BEGIN Stored data
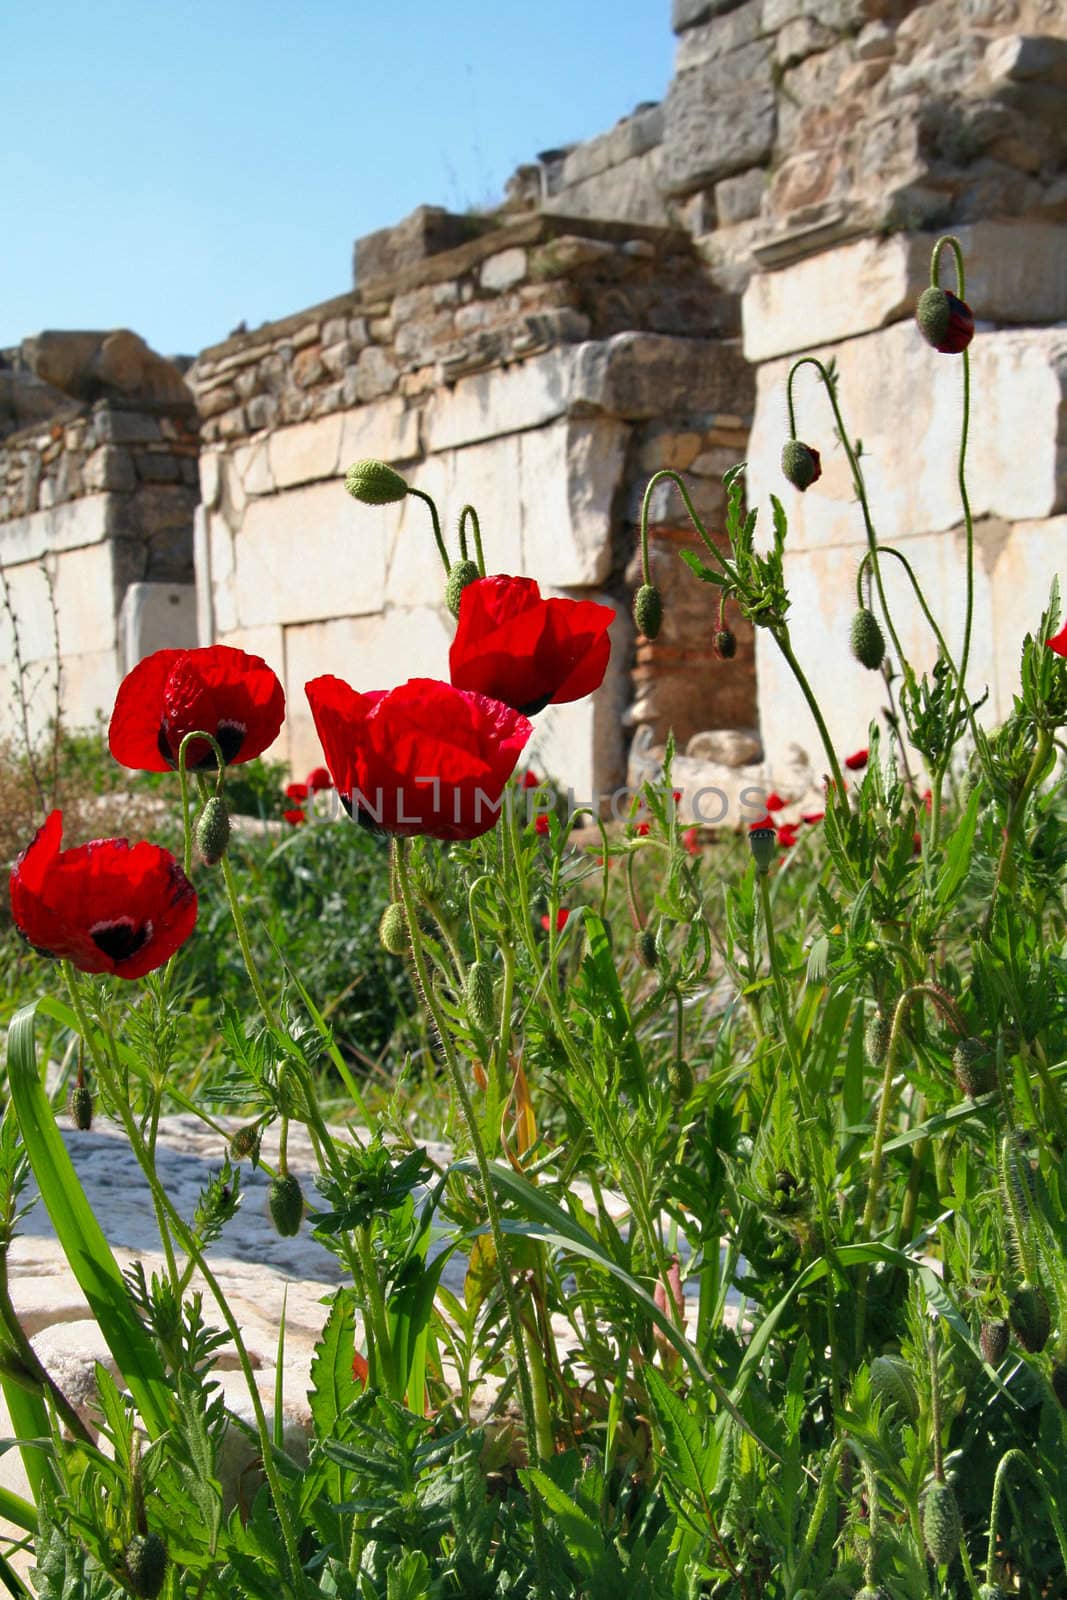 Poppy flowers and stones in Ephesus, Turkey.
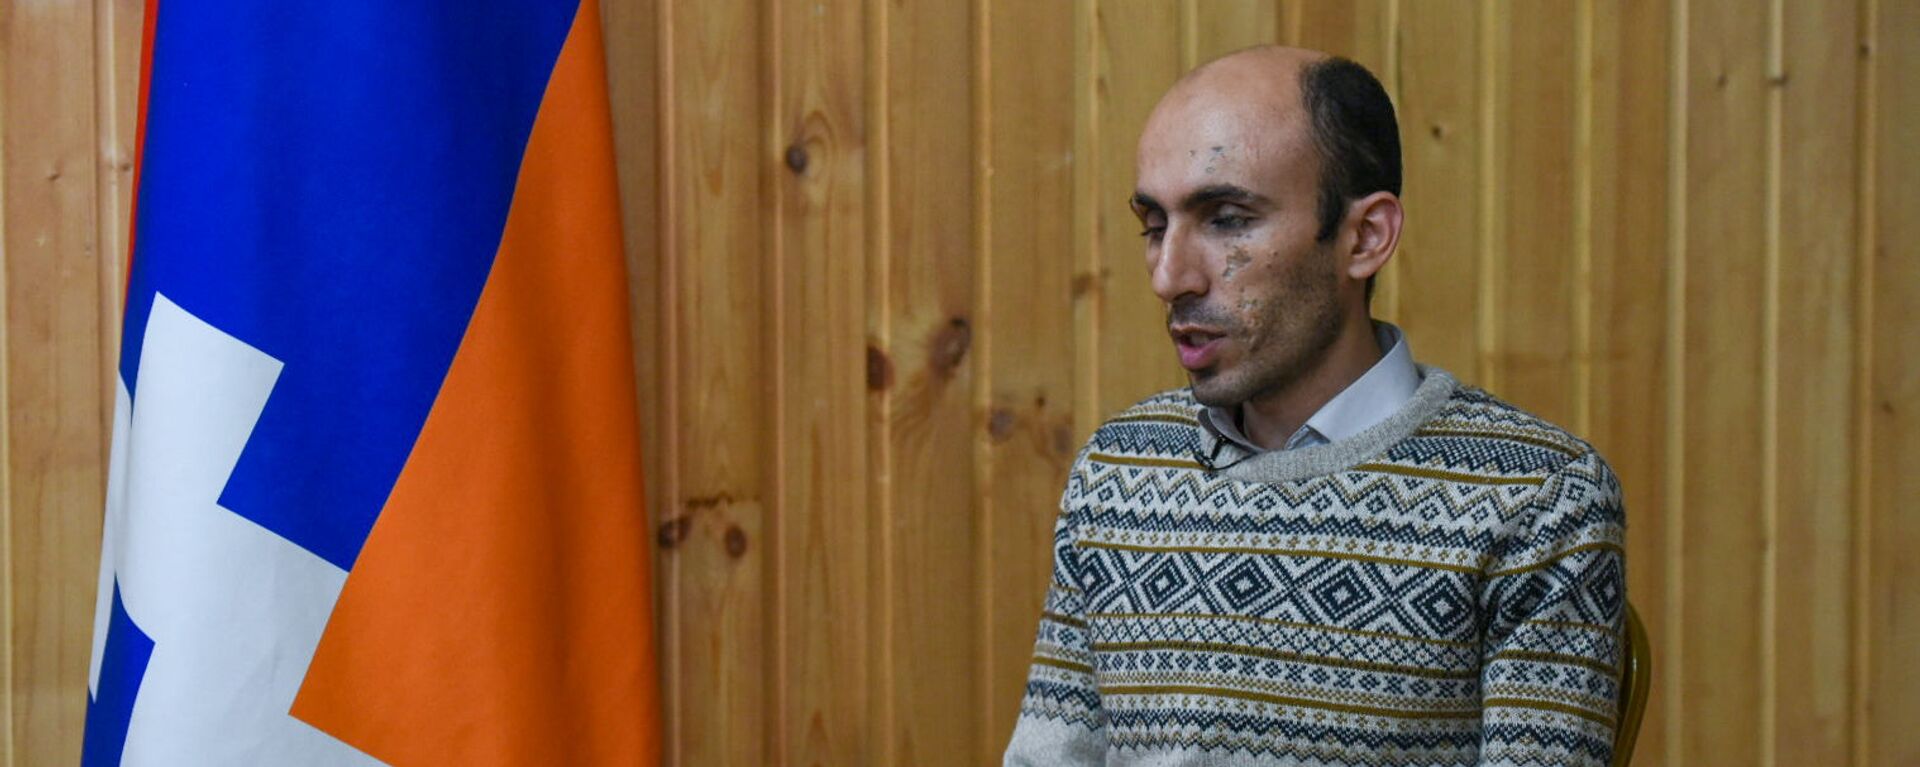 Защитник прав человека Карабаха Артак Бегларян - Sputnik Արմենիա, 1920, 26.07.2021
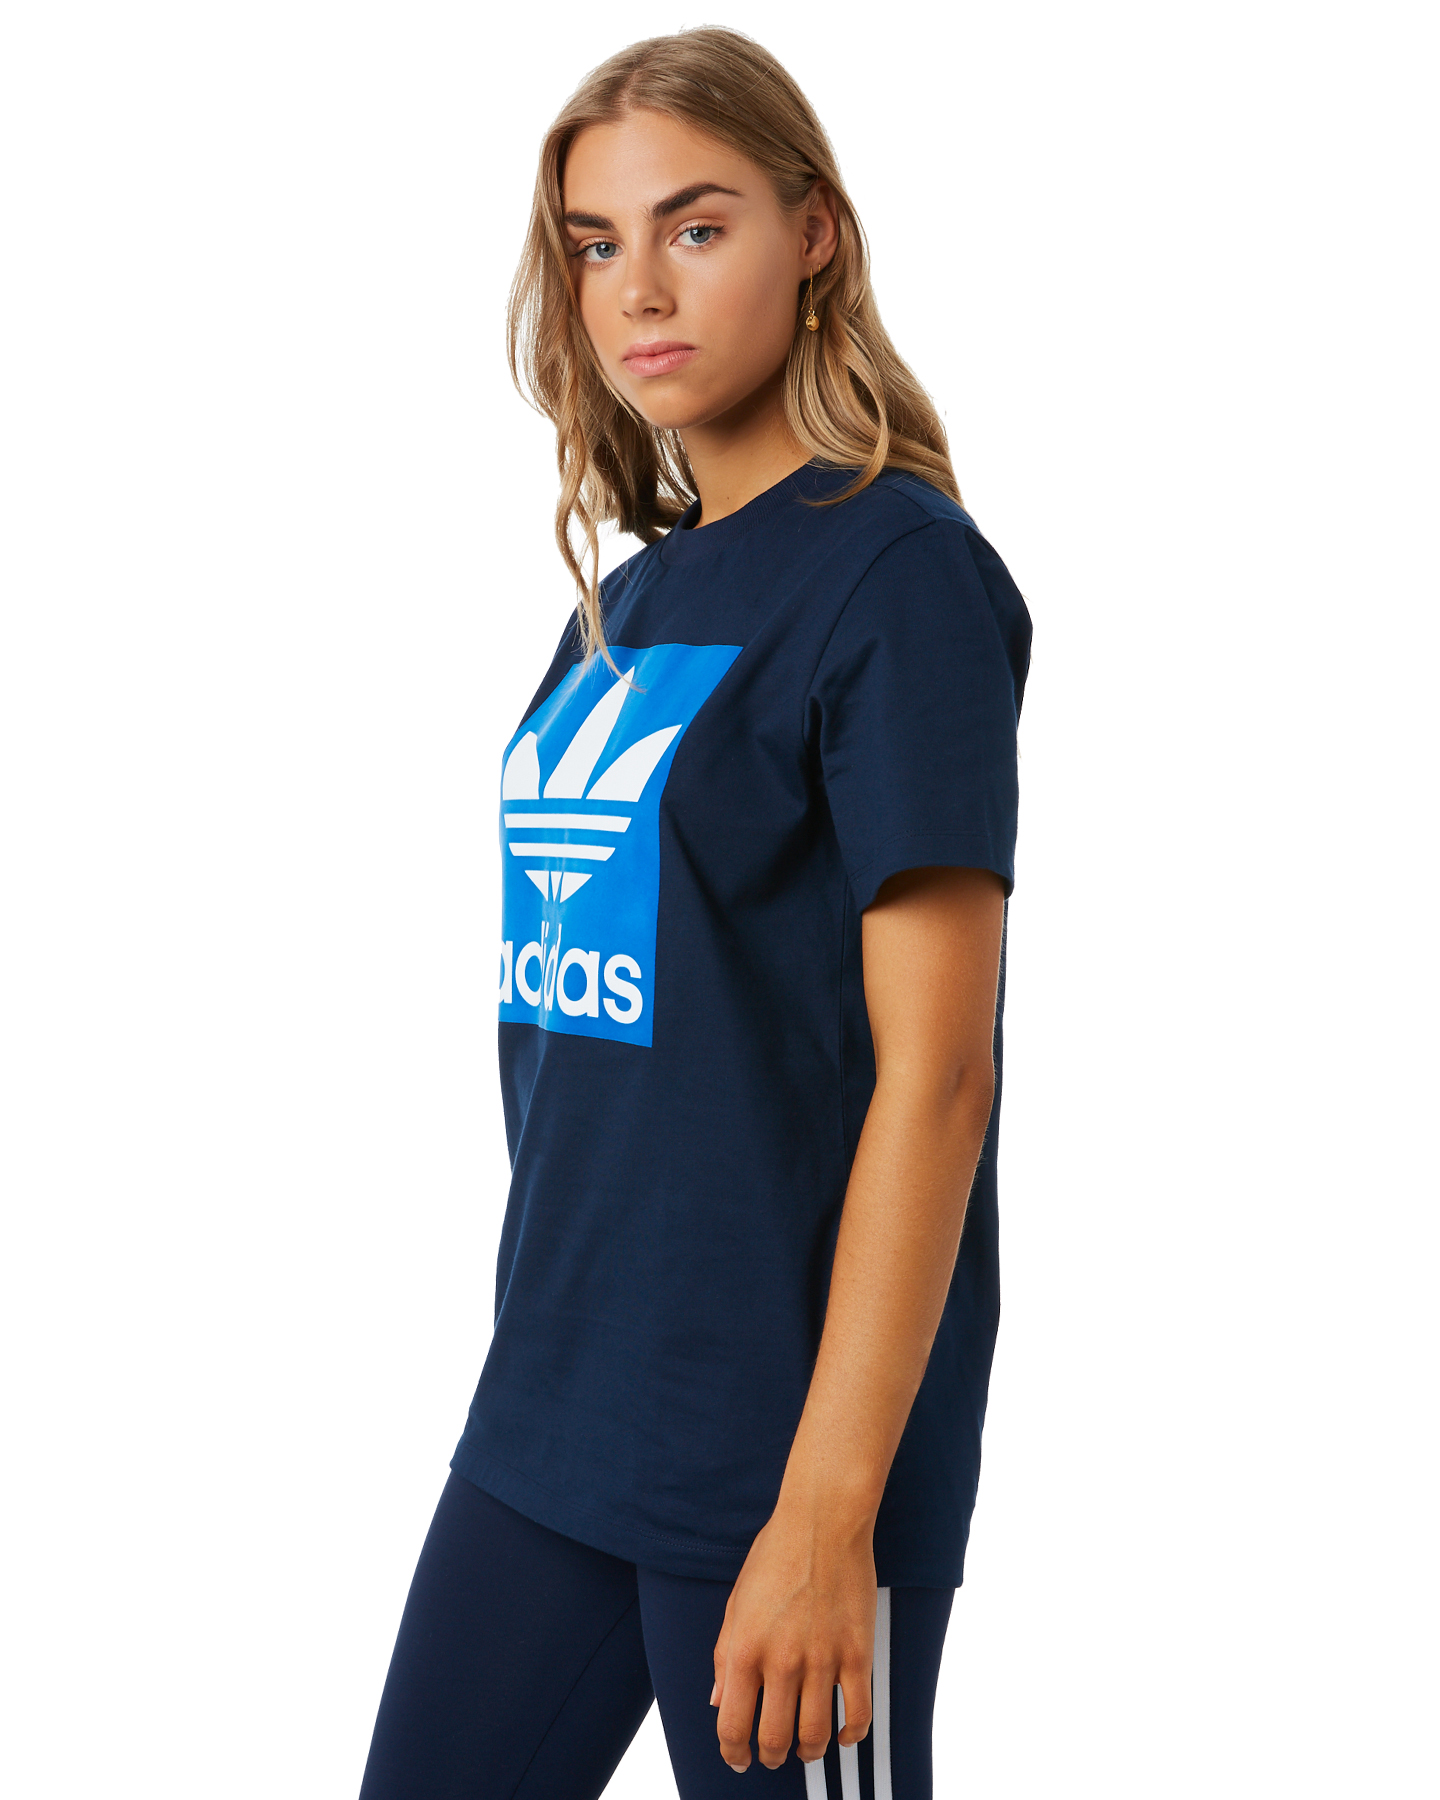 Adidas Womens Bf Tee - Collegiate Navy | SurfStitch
END Stored data
● **Task details**:
Set the data above down again exactly as given, with no pictures.

● **Your response**:
 Poppy flowers and stones in Ephesus, Turkey.
 Защитник прав человека Карабаха Артак Бегларян - Sputnik Արմենիա, 1920, 26.07.2021
 Adidas Womens Bf Tee - Collegiate Navy | SurfStitch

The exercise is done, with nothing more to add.